# REQUIREMENT
For the data below, give again exactly the lines from the one containing "Cross body bags" through the one containing "Buryland Serif Outline image", both ends included, and no others.

[[ DATA SHOWN, beginning ]]

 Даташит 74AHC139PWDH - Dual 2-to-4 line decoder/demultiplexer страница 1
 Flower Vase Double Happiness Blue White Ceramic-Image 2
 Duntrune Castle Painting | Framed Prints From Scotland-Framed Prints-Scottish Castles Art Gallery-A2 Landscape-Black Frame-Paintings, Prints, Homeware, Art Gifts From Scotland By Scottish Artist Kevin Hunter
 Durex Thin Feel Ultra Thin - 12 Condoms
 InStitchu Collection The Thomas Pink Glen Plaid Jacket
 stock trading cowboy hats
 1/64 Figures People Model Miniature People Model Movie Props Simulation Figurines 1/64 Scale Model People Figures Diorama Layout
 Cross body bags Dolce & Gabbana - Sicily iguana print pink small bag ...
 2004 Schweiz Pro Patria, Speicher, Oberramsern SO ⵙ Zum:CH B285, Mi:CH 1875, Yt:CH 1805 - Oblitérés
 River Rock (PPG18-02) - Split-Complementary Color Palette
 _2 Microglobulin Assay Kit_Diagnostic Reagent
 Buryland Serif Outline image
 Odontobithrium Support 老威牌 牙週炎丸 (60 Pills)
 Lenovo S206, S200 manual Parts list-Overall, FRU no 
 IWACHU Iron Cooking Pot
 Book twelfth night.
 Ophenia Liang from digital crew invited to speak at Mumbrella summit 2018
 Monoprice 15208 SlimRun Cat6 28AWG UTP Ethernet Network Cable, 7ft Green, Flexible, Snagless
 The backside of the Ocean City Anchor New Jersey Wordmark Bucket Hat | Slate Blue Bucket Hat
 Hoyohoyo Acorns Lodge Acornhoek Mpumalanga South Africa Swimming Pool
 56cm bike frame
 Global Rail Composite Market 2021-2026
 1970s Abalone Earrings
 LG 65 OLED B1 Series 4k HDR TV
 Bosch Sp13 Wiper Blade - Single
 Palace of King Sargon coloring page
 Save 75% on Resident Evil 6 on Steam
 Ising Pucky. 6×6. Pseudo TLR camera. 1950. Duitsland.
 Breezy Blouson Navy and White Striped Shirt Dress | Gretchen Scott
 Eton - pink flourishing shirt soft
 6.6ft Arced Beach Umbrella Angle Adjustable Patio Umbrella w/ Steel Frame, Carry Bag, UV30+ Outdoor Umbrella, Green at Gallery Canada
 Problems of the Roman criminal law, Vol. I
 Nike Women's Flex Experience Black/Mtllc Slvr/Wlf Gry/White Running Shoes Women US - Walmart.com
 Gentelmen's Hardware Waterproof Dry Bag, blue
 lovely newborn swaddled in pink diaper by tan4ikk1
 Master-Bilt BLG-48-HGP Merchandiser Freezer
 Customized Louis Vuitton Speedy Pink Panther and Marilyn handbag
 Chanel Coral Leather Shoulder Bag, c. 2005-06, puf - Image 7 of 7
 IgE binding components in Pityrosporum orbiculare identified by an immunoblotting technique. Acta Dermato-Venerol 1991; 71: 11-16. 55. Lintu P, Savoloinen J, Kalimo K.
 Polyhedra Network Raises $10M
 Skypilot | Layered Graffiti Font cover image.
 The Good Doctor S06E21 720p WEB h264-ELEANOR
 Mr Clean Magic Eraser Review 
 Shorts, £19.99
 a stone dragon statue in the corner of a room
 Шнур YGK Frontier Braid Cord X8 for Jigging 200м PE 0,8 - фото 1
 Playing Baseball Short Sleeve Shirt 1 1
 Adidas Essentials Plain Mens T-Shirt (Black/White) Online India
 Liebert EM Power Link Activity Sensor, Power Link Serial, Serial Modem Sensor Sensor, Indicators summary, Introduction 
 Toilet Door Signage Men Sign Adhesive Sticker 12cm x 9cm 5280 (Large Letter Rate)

[[ DATA SHOWN, end ]]

# ANSWER SPACE
 Cross body bags Dolce & Gabbana - Sicily iguana print pink small bag ...
 2004 Schweiz Pro Patria, Speicher, Oberramsern SO ⵙ Zum:CH B285, Mi:CH 1875, Yt:CH 1805 - Oblitérés
 River Rock (PPG18-02) - Split-Complementary Color Palette
 _2 Microglobulin Assay Kit_Diagnostic Reagent
 Buryland Serif Outline image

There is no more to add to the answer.